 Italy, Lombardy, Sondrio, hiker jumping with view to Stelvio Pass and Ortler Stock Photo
* * *
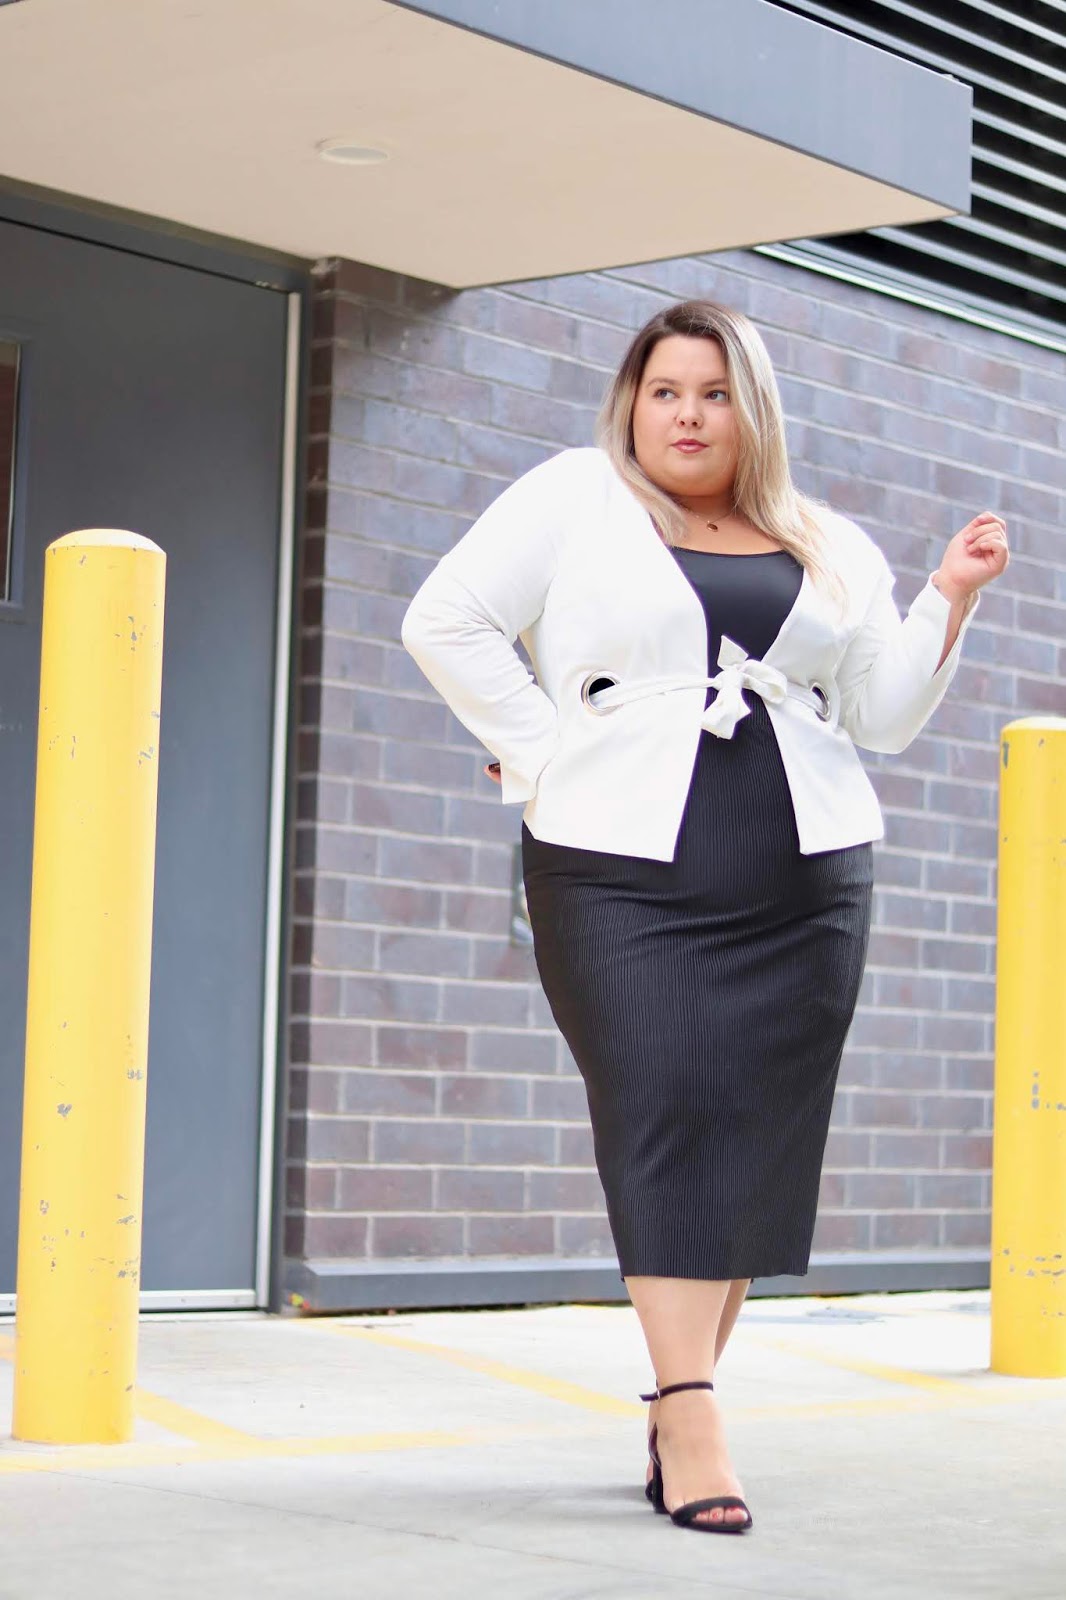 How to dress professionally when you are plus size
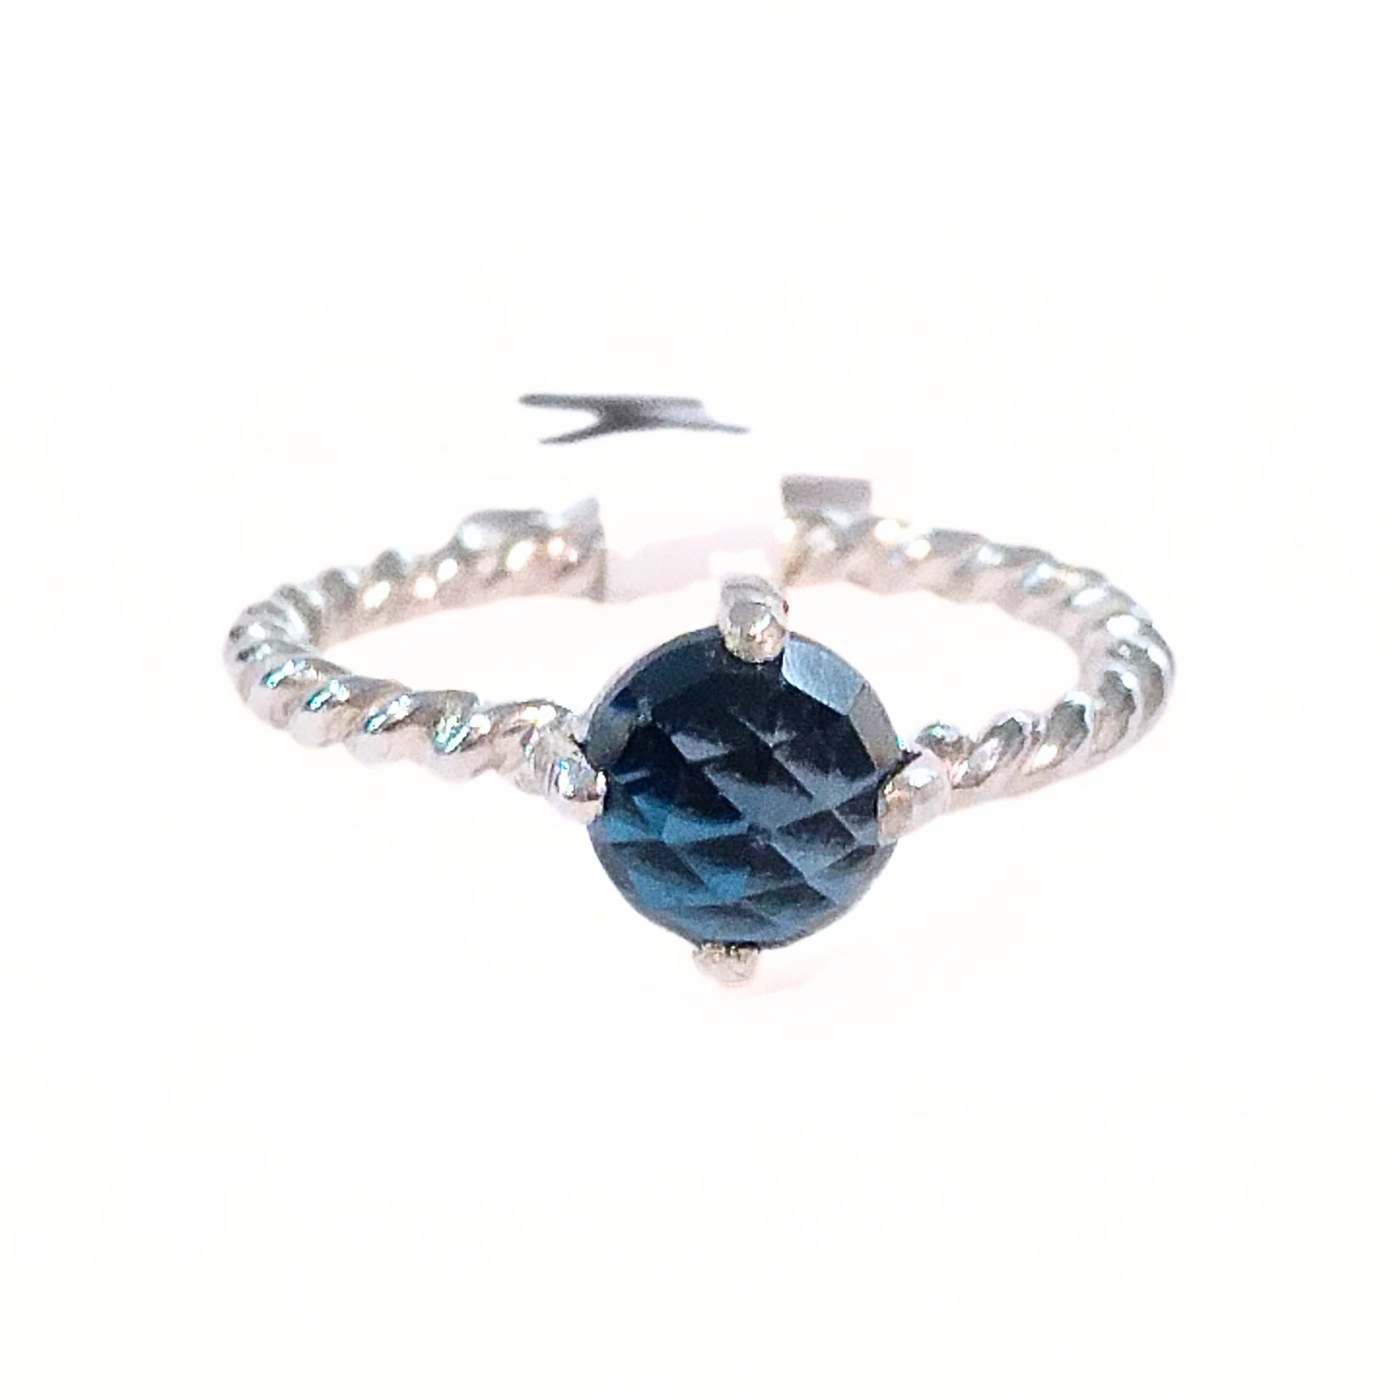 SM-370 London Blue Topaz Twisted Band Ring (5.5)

**THE PROBLEM:** For this task, return exactly the stretch of the listing above from the line with "How to dress" through the line with "SM-370 London Blue", inclusive and without pictures.

**EXERCISE OUTPUT:**
 How to dress professionally when you are plus size
 SM-370 London Blue Topaz Twisted Band Ring (5.5)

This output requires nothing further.